### [Data section]
◇ ◇ ◇ ◇
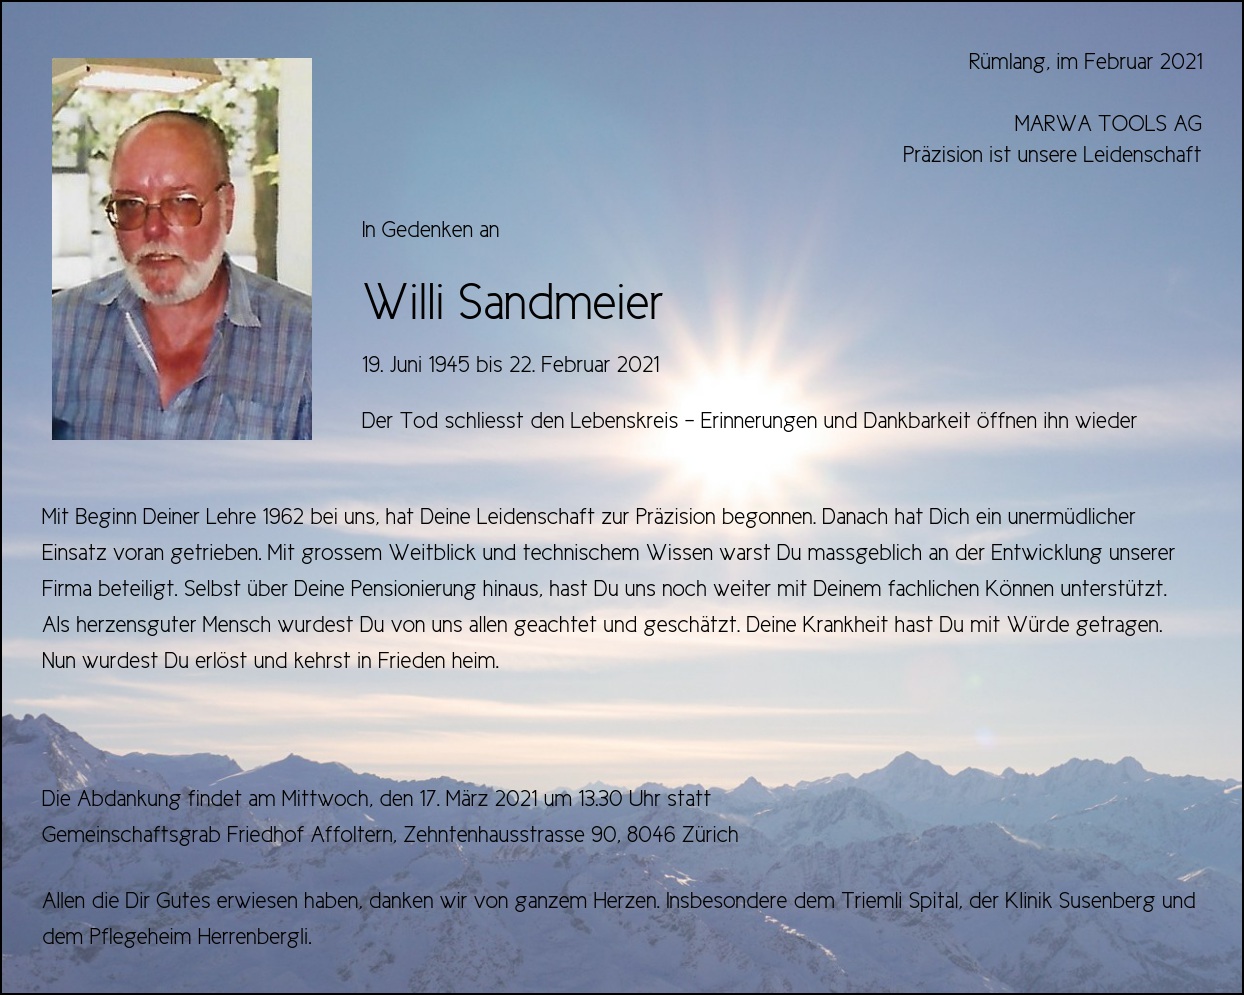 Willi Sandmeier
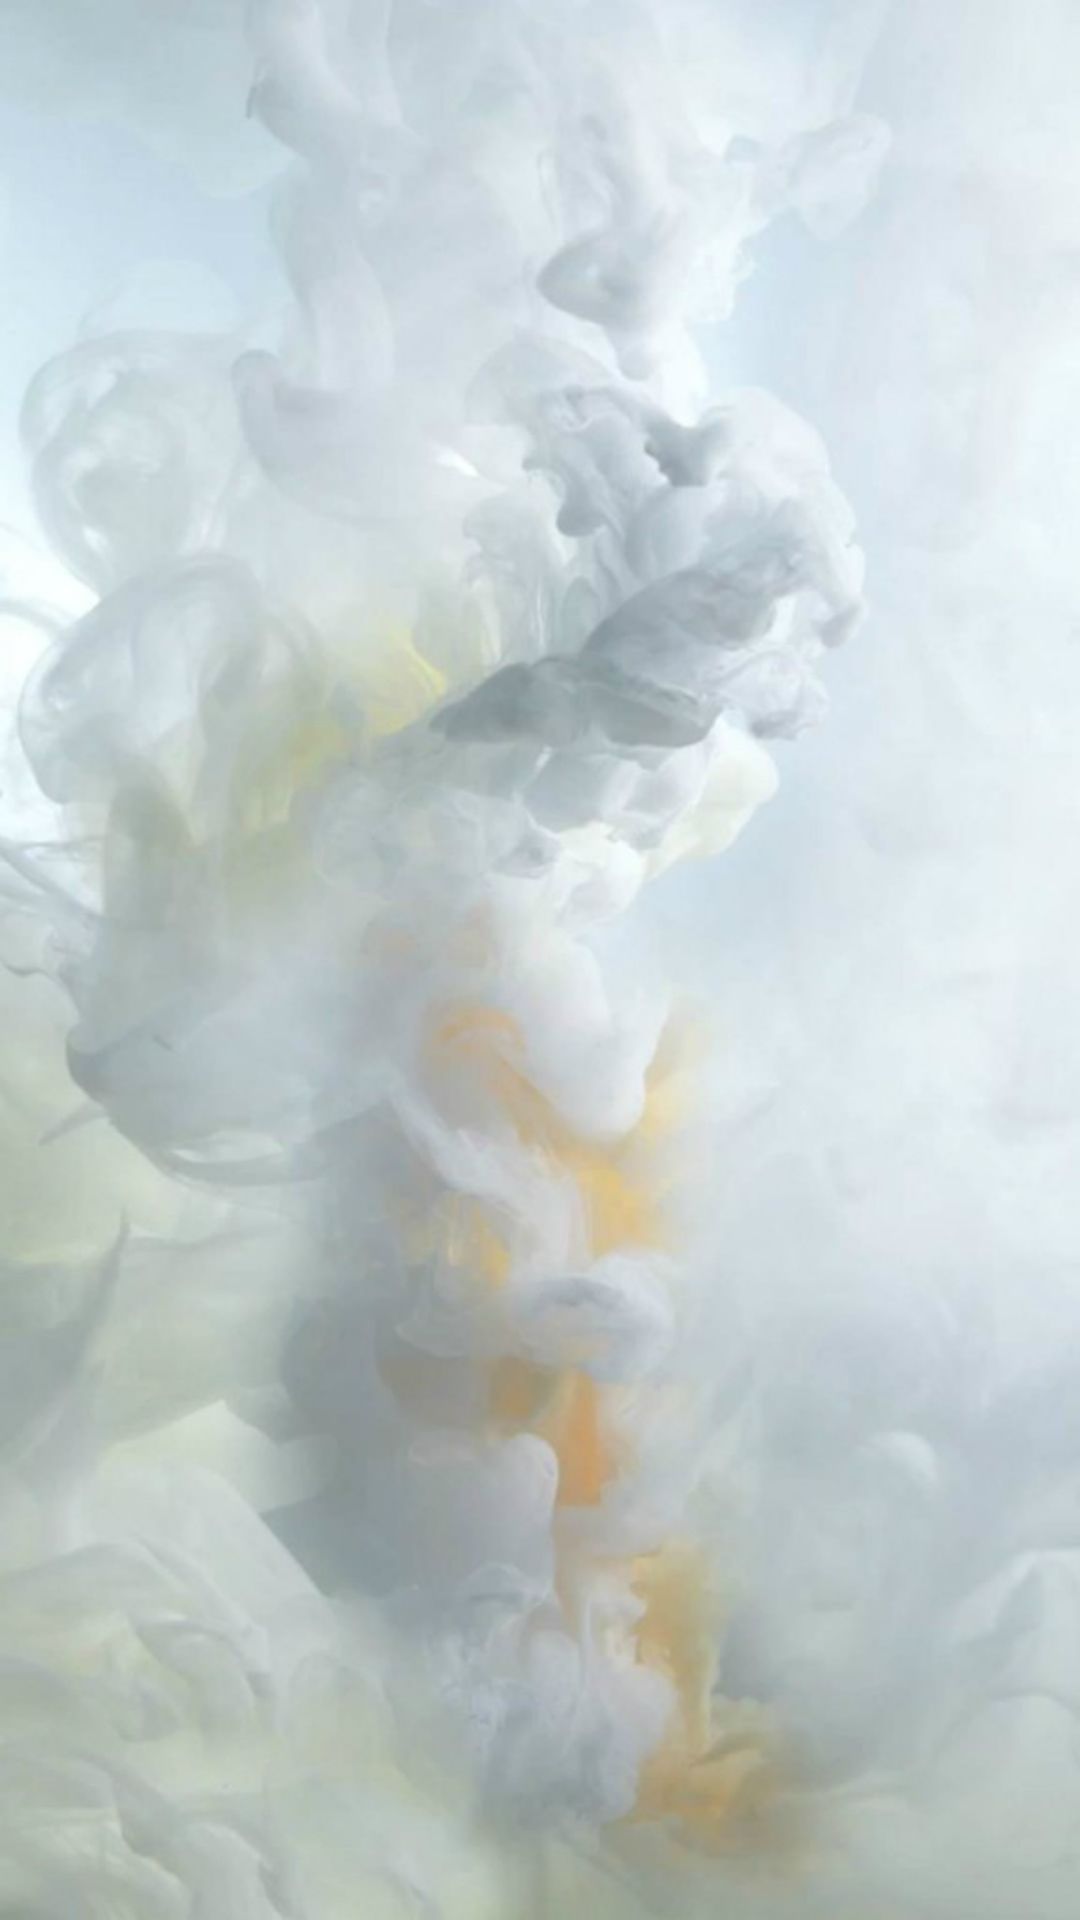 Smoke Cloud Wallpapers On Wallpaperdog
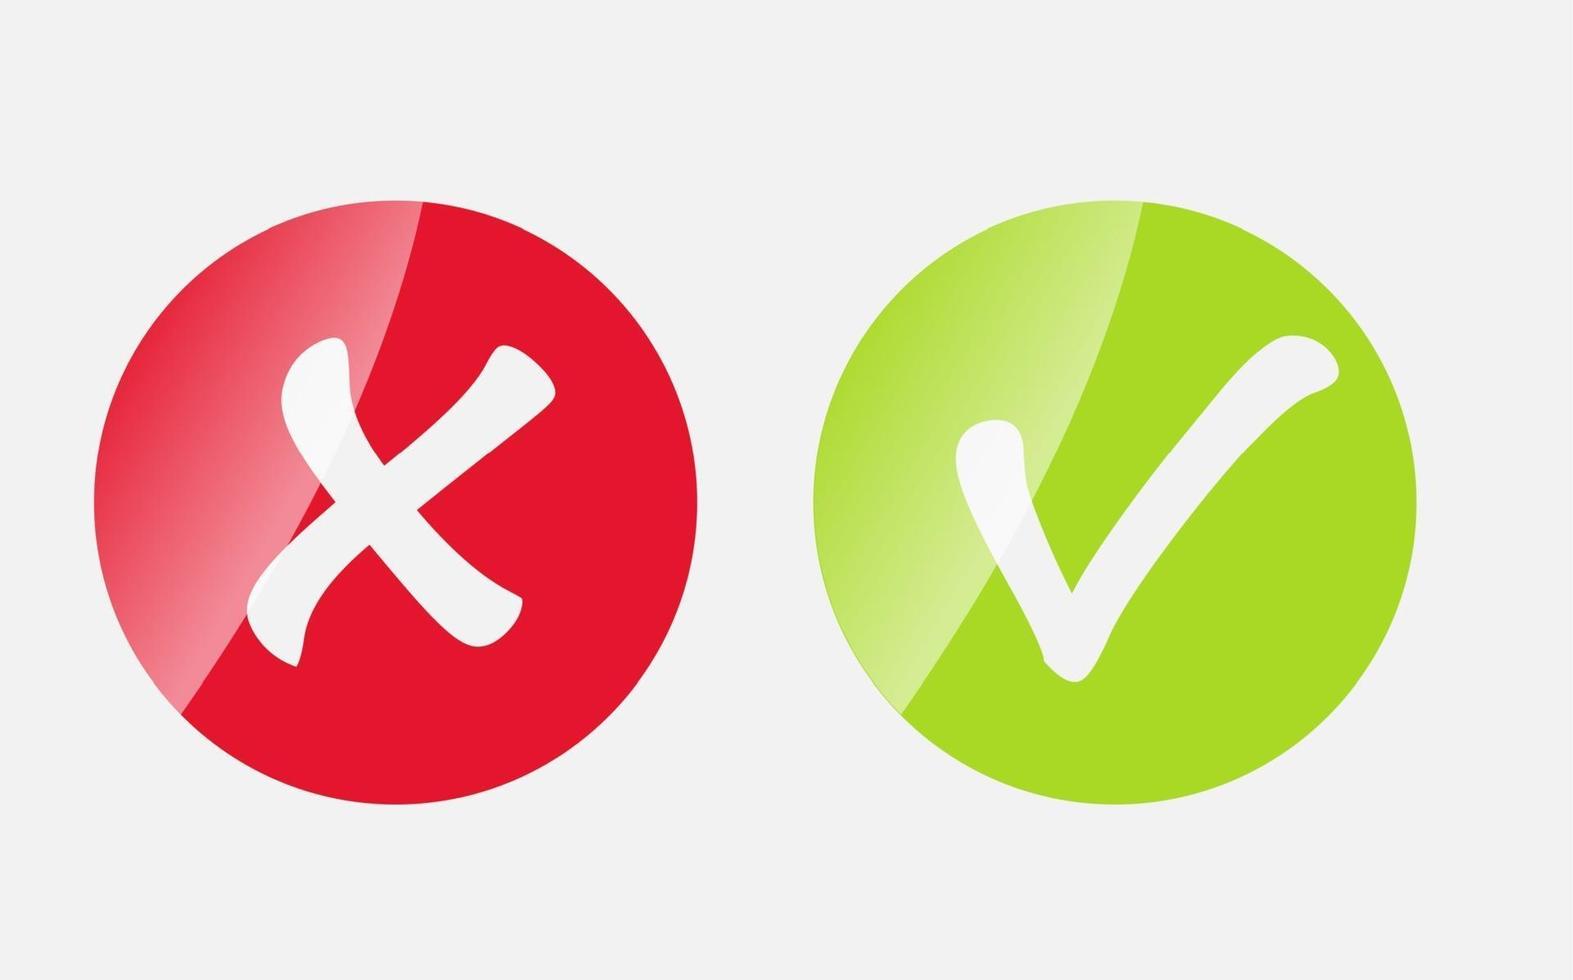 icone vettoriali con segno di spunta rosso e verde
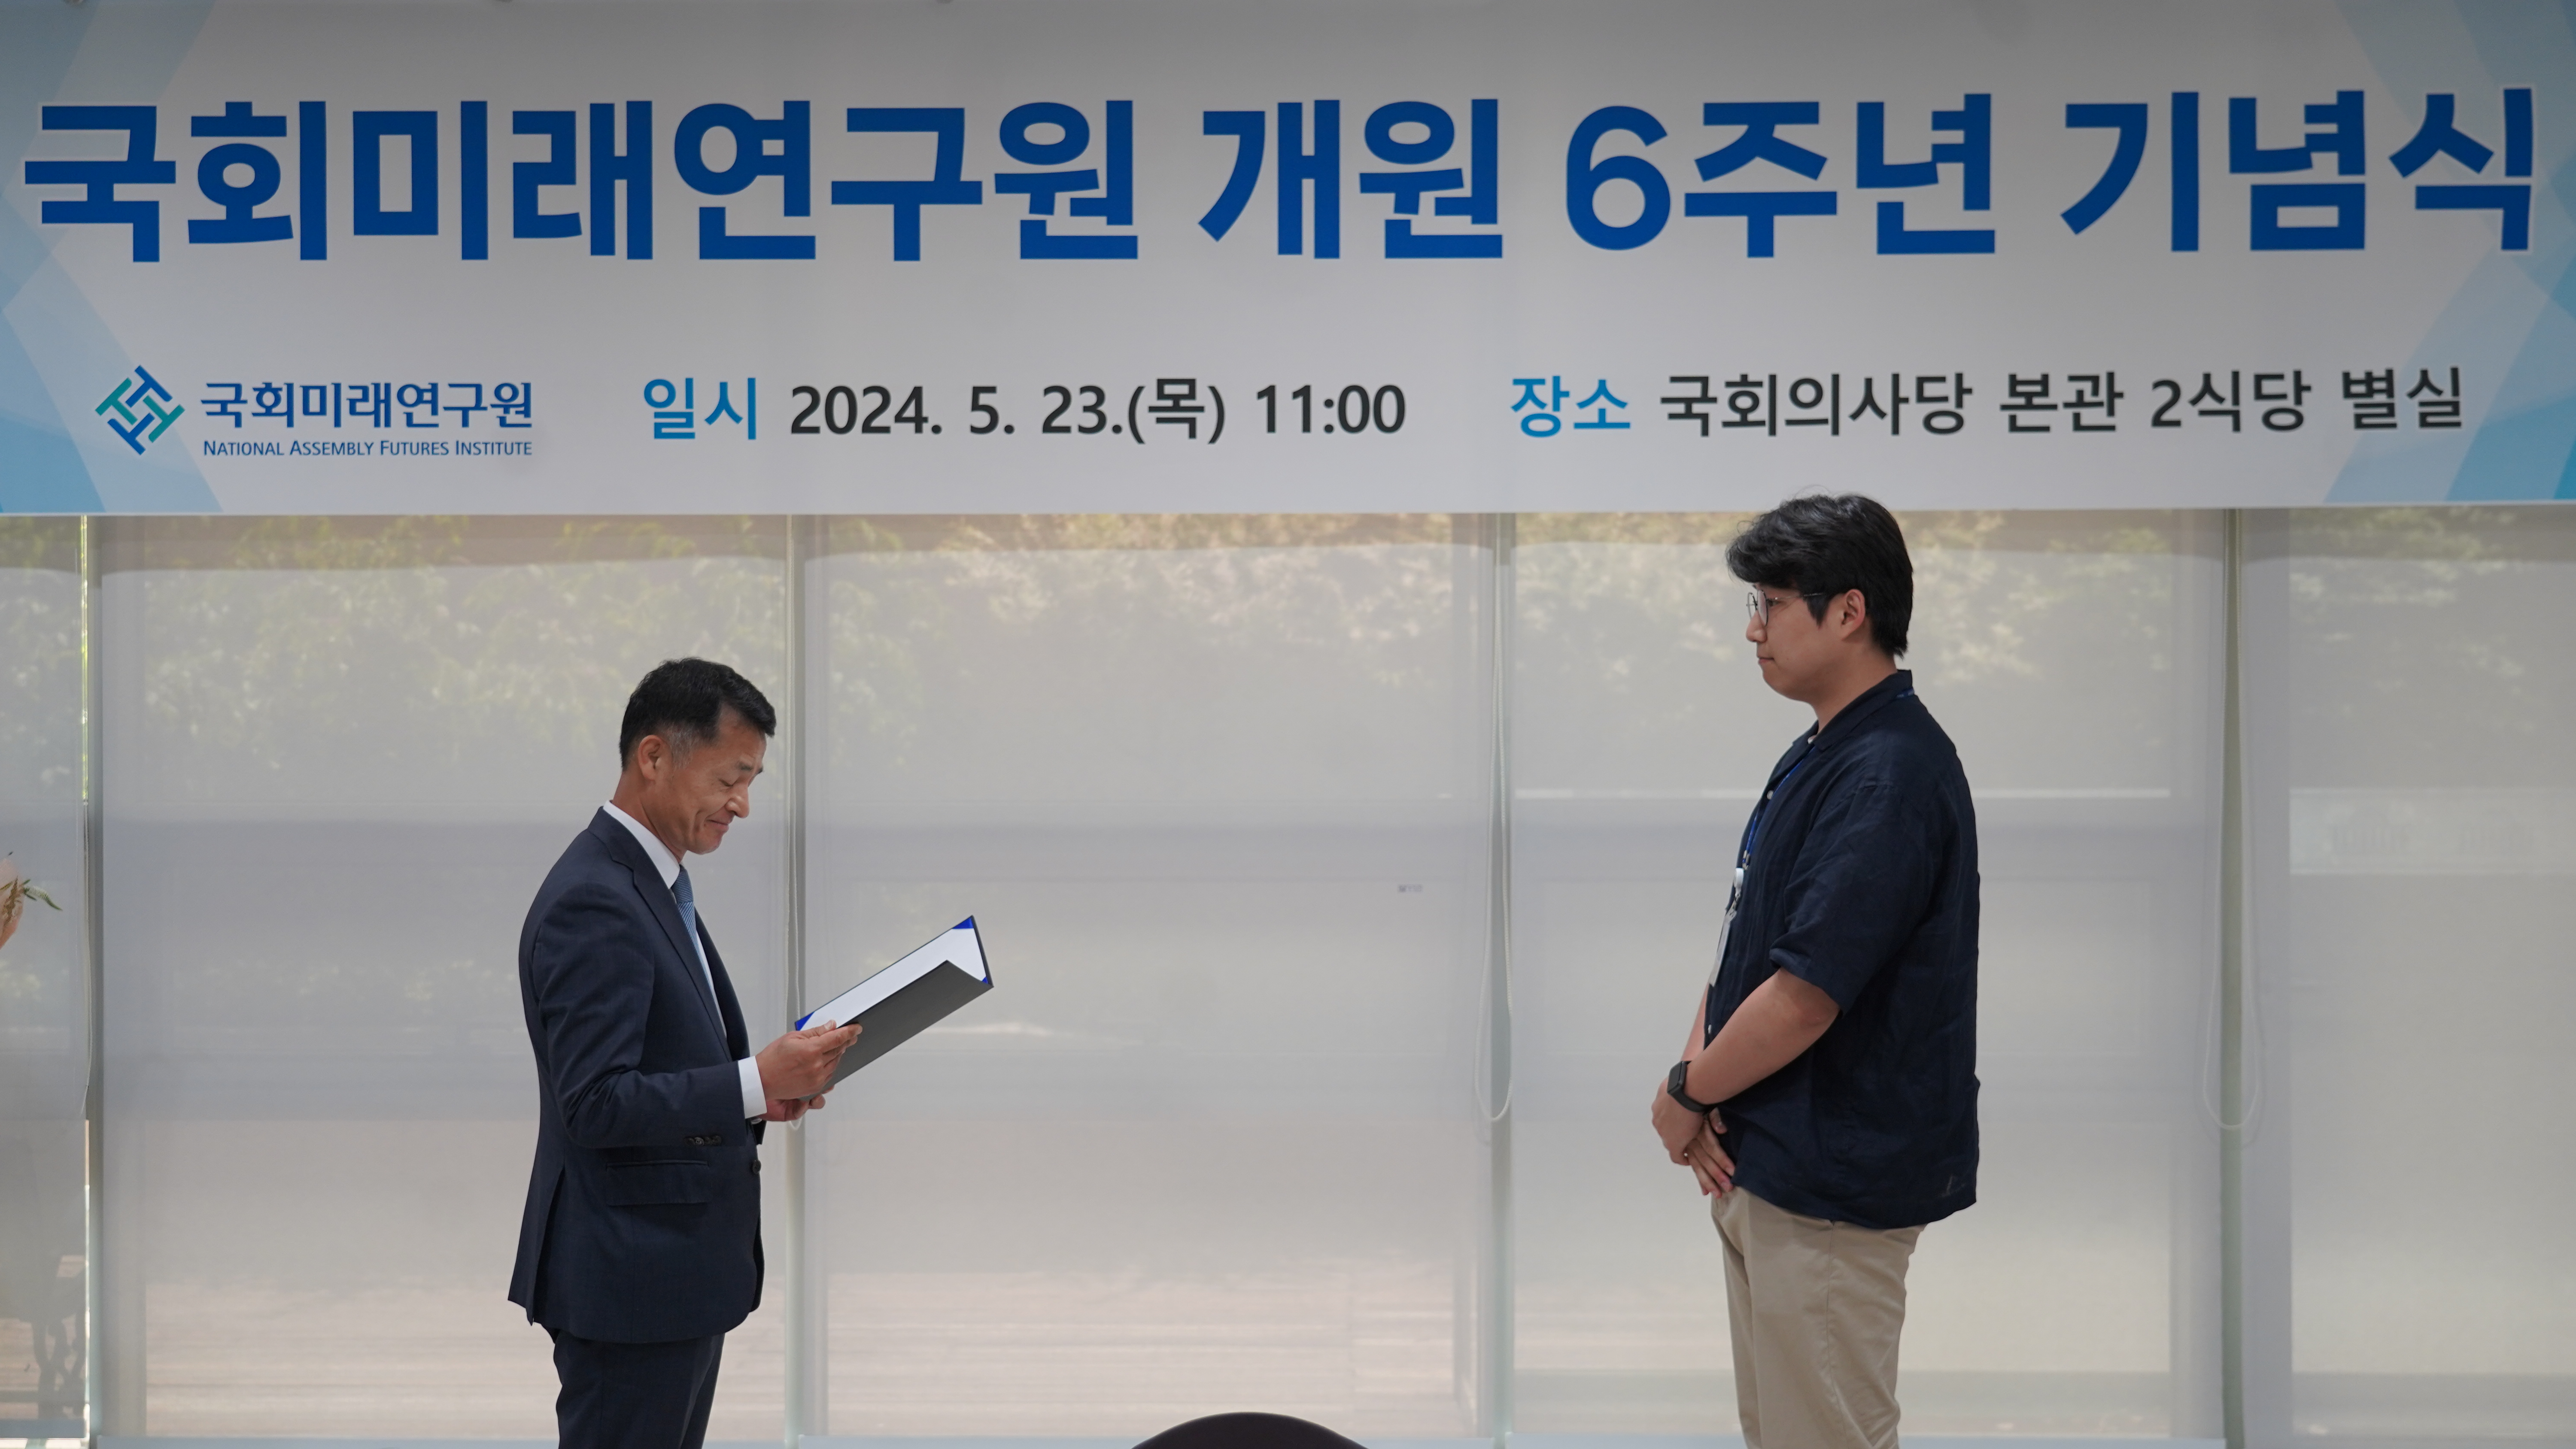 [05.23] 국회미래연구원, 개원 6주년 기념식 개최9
◇ ◇ ◇ ◇
### [Your assignment]
Nothing but the lines from the line with "Smoke Cloud Wallpapers On Wallpaperdog" through the end of the listing should appear in the answer, each duplicated exactly, without pictures.

### [Solution to this task]
 Smoke Cloud Wallpapers On Wallpaperdog
 icone vettoriali con segno di spunta rosso e verde
 [05.23] 국회미래연구원, 개원 6주년 기념식 개최9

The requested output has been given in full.